As the title may anticipate, this collection is also about women trying to escape from the trappings of patriarchal entrenched networks of Japanese society (or any society) to reach a place, real or imaginary, where they are and can be warriors: the Samurais of a new world order where the colour “pink” has the same value as the colour blue. “A Samurai’s Pink House” is that incubating sanctuary for a new and necessary order that calls for genders to be equalized, in their difference. Is it that envisaged sphere where men and women can grow out of each other, where the other is the Same and the Same is the other, where we discover ourselves in the difference of the other, naturally, gradually, suspending thought and judgement, the ‘grammar’ that has insisted on defining us and which equates violence, a violence to our being, our beingness.

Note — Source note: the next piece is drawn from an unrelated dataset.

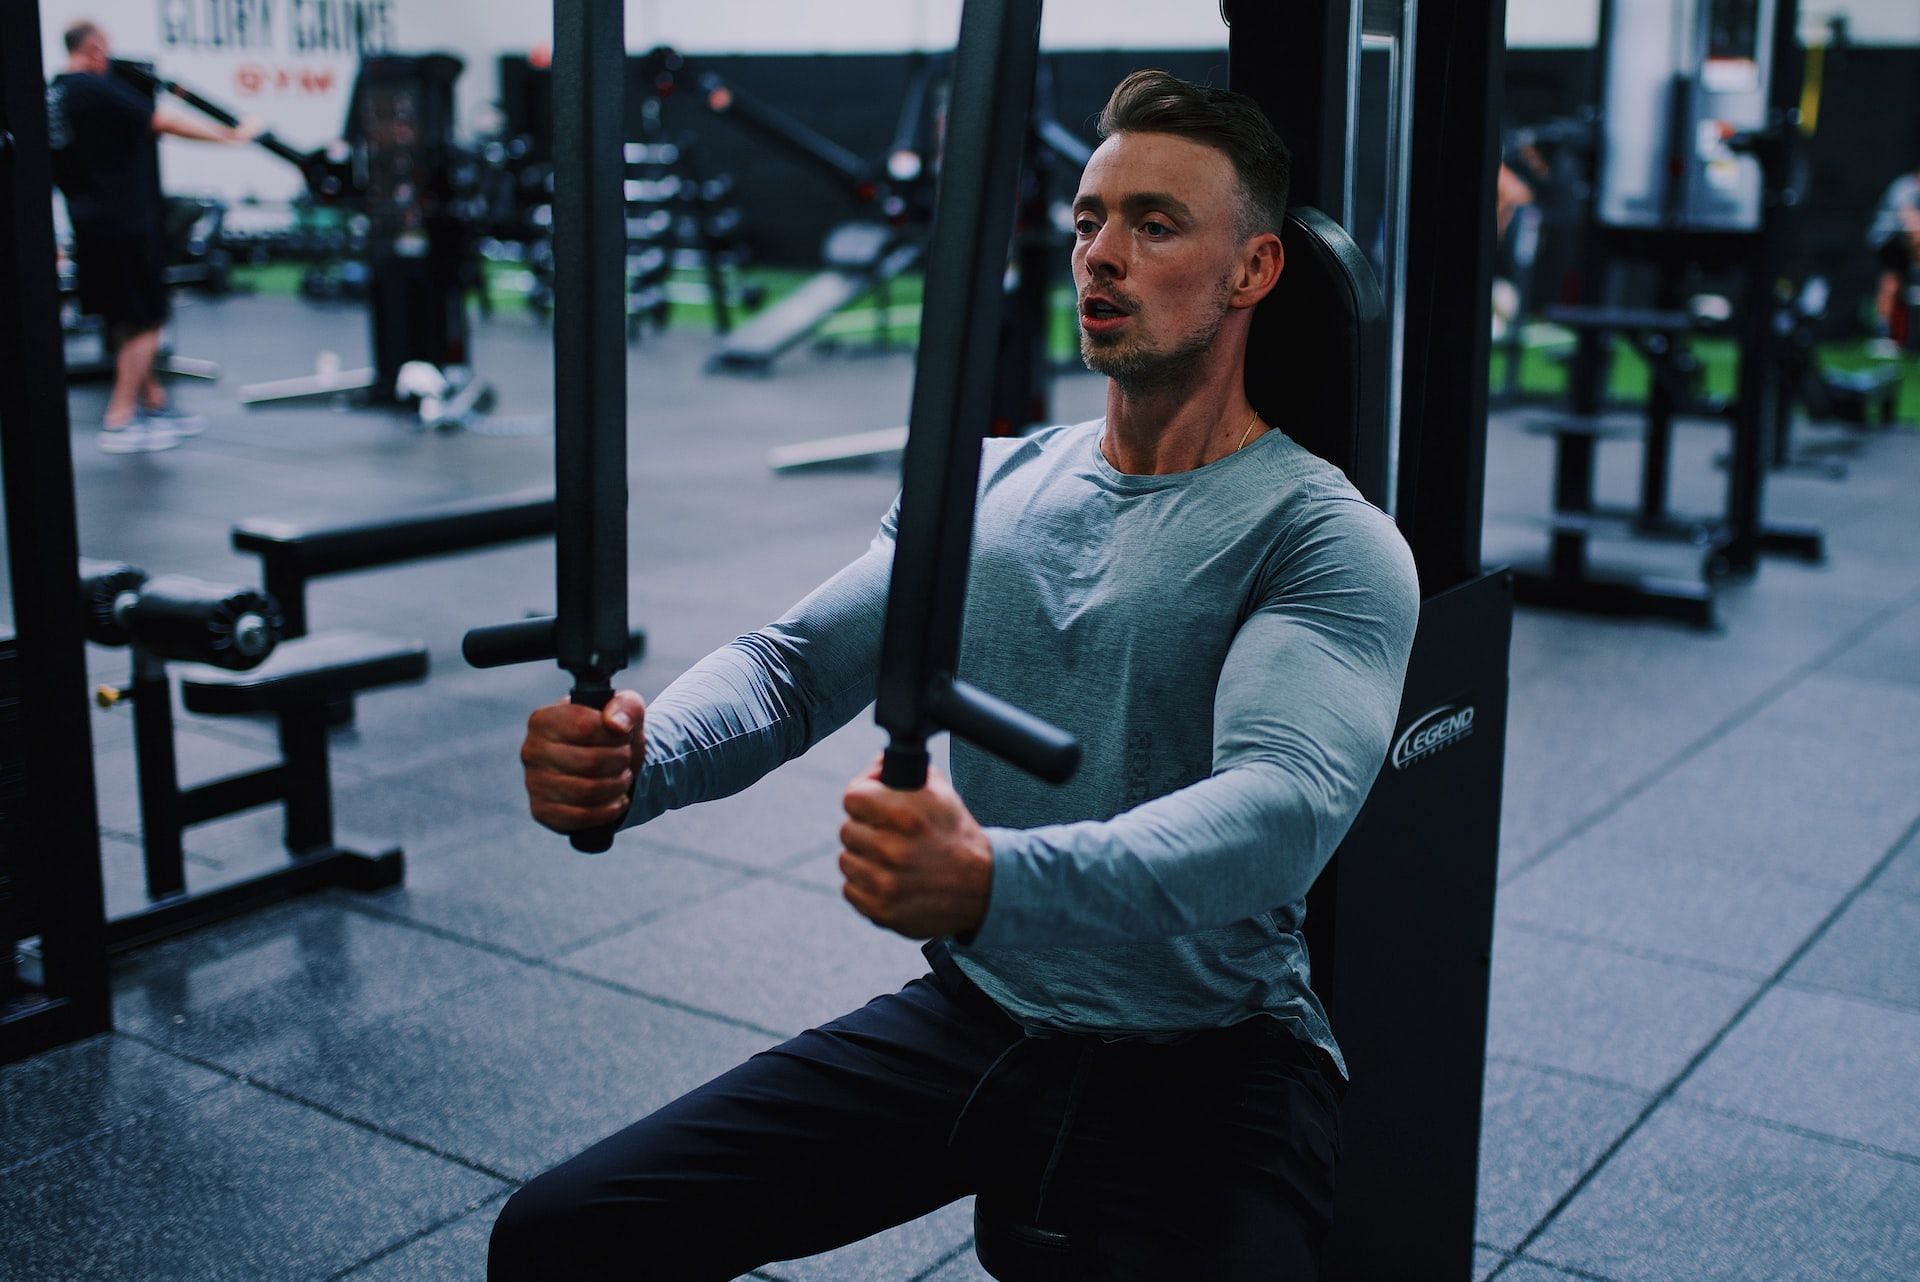 Chest and tricep workouts for upper body (Photo by Gordon Cowie on Unsplash)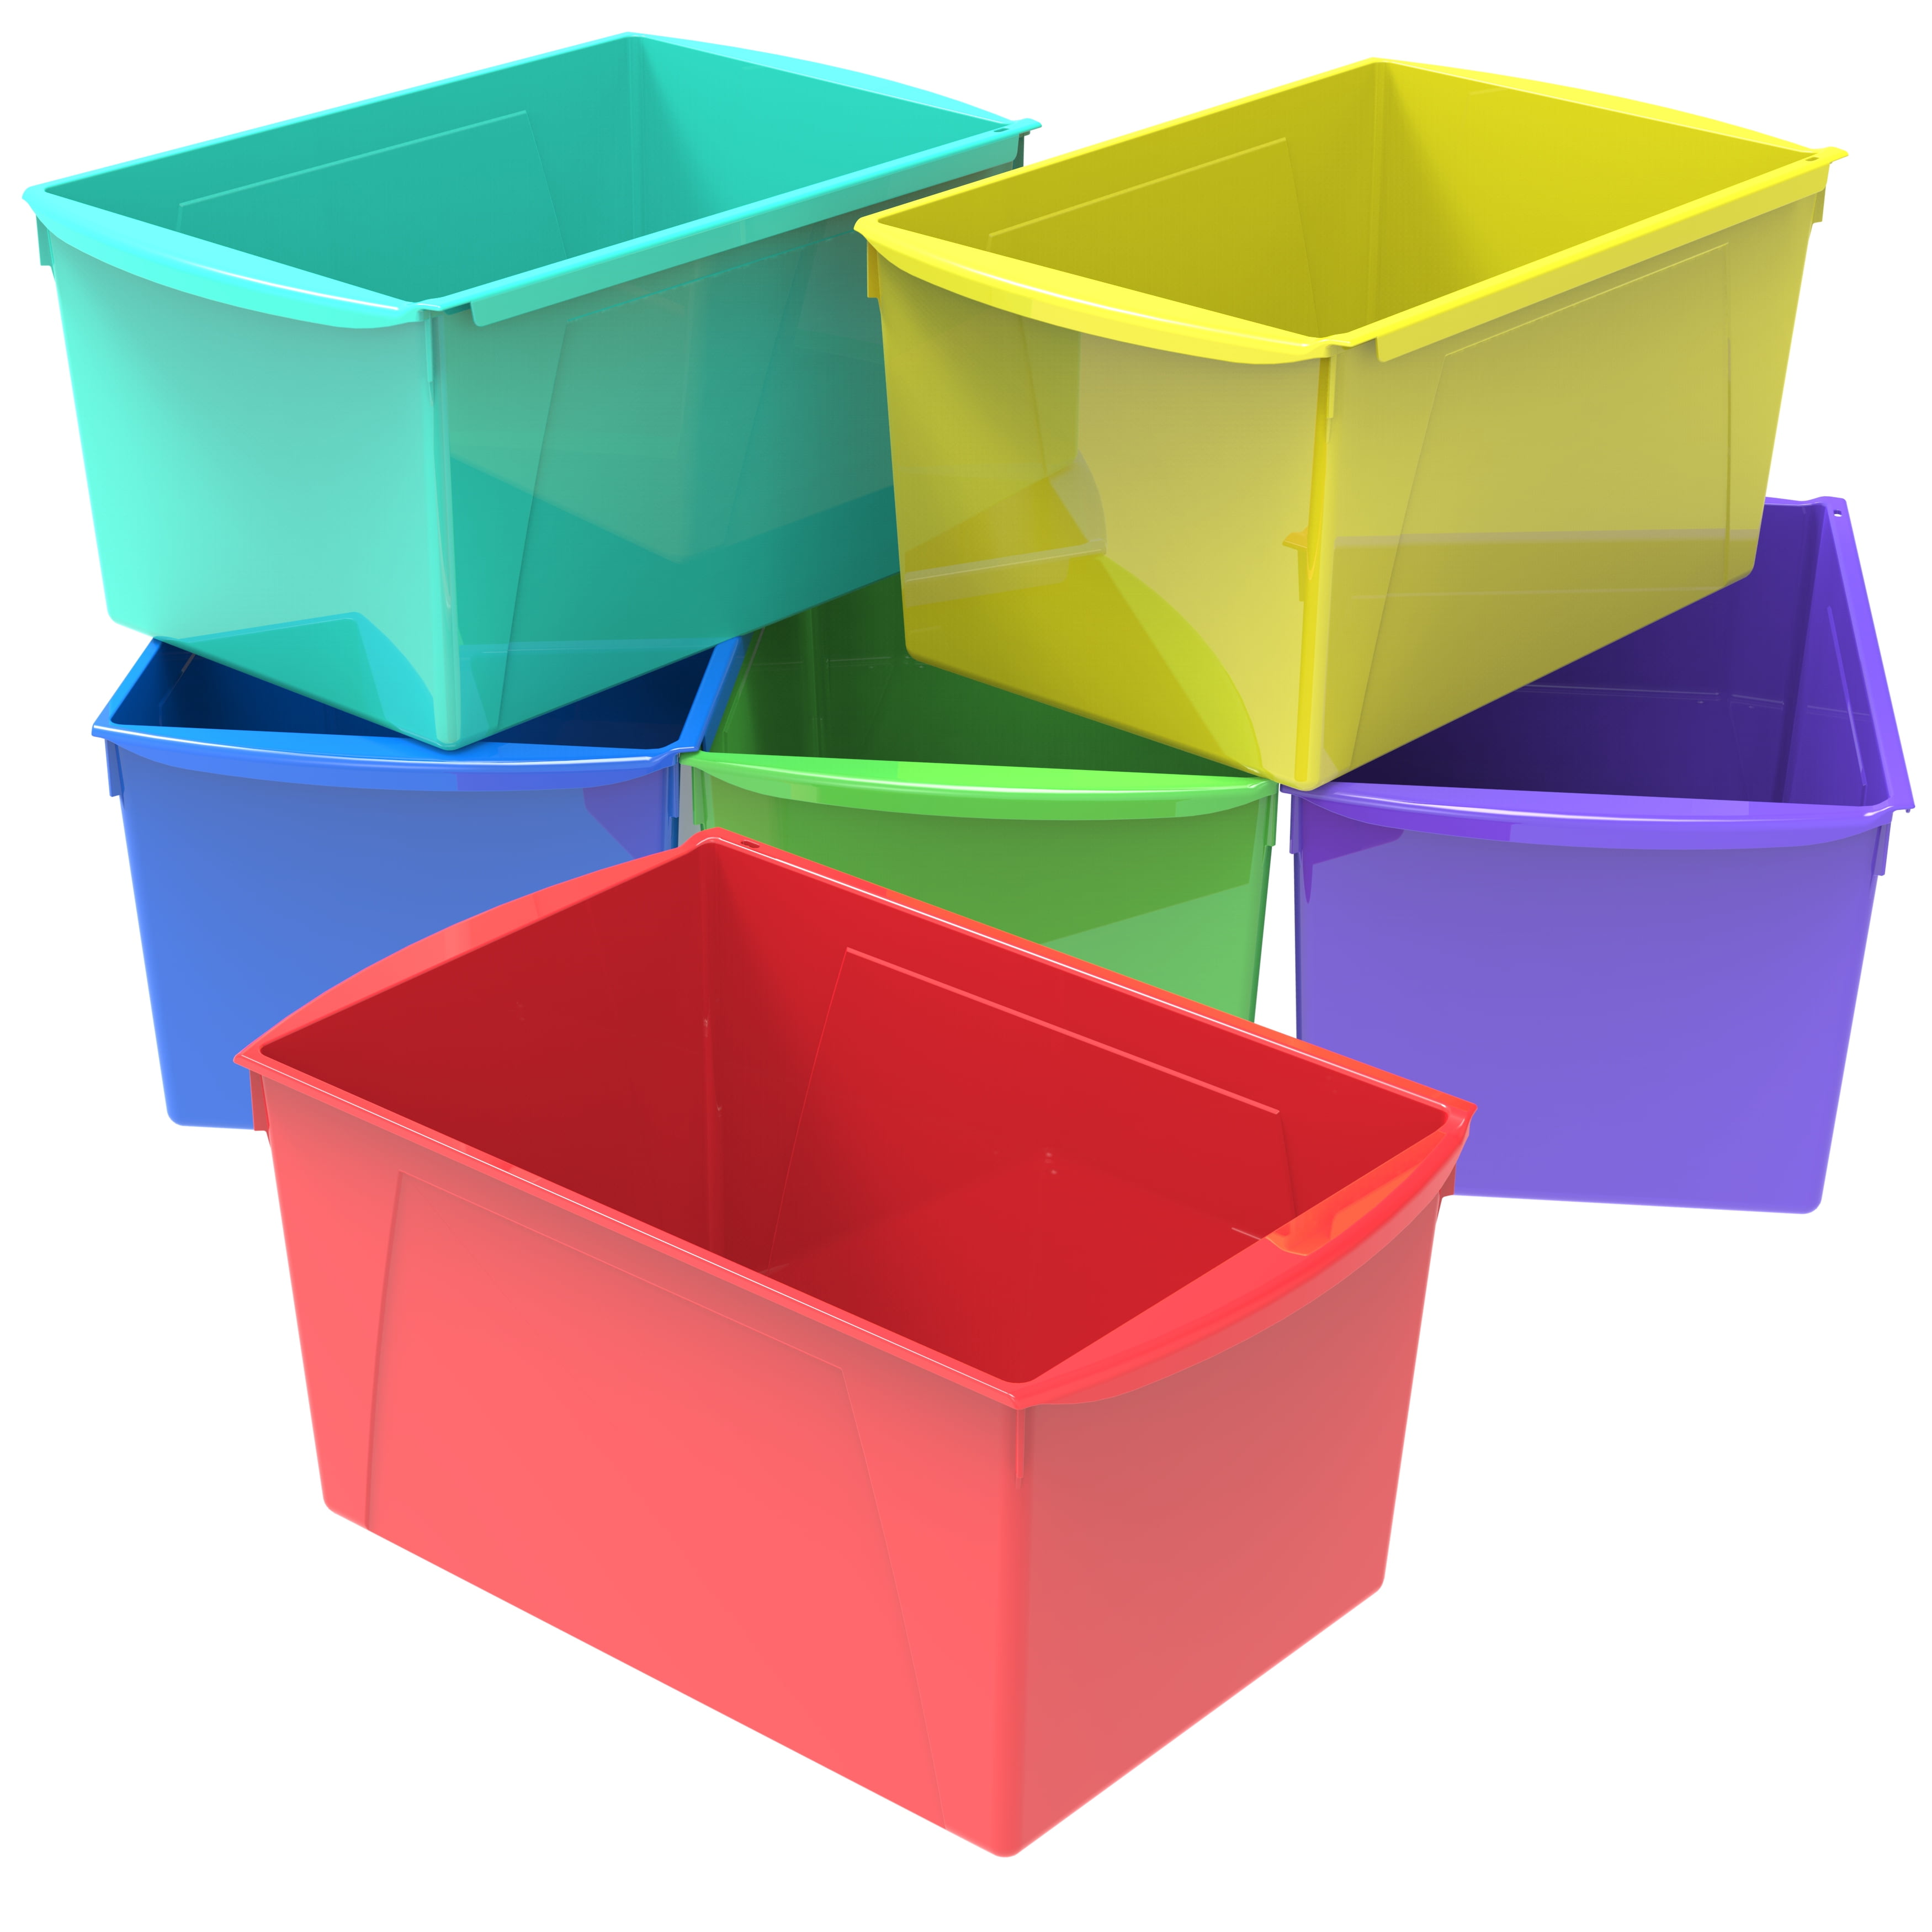 Bright Creations 12 Pack Colorful Plastic Classroom Storage Bins

The clear, smooth and crystal-like language of Sonia Saikaley falls on us like gentle kissing cherry blossom petals, calling us to enter what Luce Irigaray calls a “silence”, an “openness that nothing or no one occupies, or preoccupies—no language, no world, no God” (17) in I Love to You: Sketch of a Possible Felicity in History—so that we can BE, experience being without a restrictive a priori. In this space of silence and openness we are called to the responsibility of finding the self in the non-self, the other in the self and the self in the other, all in a delicate beautiful dance that erases and suspends hierarchies, allowing us to be like the Great Buddha, enter and call upon us the great nothingness that is a very rich everythingness: “In simple robes,/no frills, no boa-feathered scarves/Waiting for a long-lost lover’s embrace,/Waiting, waiting, waiting.” The collection is filled with images that conjure up love, expectation, yearning—that eternal and patient waiting of the Great Buddha who knows that the Way can and will arrive. We just have to be resolute and work toward it: it is our responsibility to do so by getting out of ourselves and entering a wholeness that fills and fulfils, a wholeness that is kind to each part that makes it.

The world that the poet takes us into is filled with indigo blue skies, cherry tree blossoms, soft breezes, snowflakes gently kissing our skin, ancient temples and shrines, poets singing to the frogs and frogs singing to the poets, women’s rebellious or passive agency disguised as acquiescence, the live scents of warm tea, its vapours perfuming our souls in an act that merges matter and spirit annihilating our partition, the stunning colour of saffron skies, bodies in daring forbidden acts of love… All of this, offered to us in a gentle bath of words, singing with persistence into our ear, into our soul, calling us to a higher order. We are invited to feel and feel and feel: the sorrow, the beauty and deep pain that life is, the great longing for what it could be. Immersed in the body, with its calling carnal desires and the weight and pain of the material, we yearn to take off in flight, becoming, becoming, entering the Great Buddha state and exiting the body material. A Samurai’s Pink House speaks of a love—a beautiful love that demands. A love that knows we are beings of the universe and possess a spirit that calls. 

Works Cited

Irigaray, Luce. I Love to You: Sketch of a Possible Felicity in History. New York: Routledge, 1996.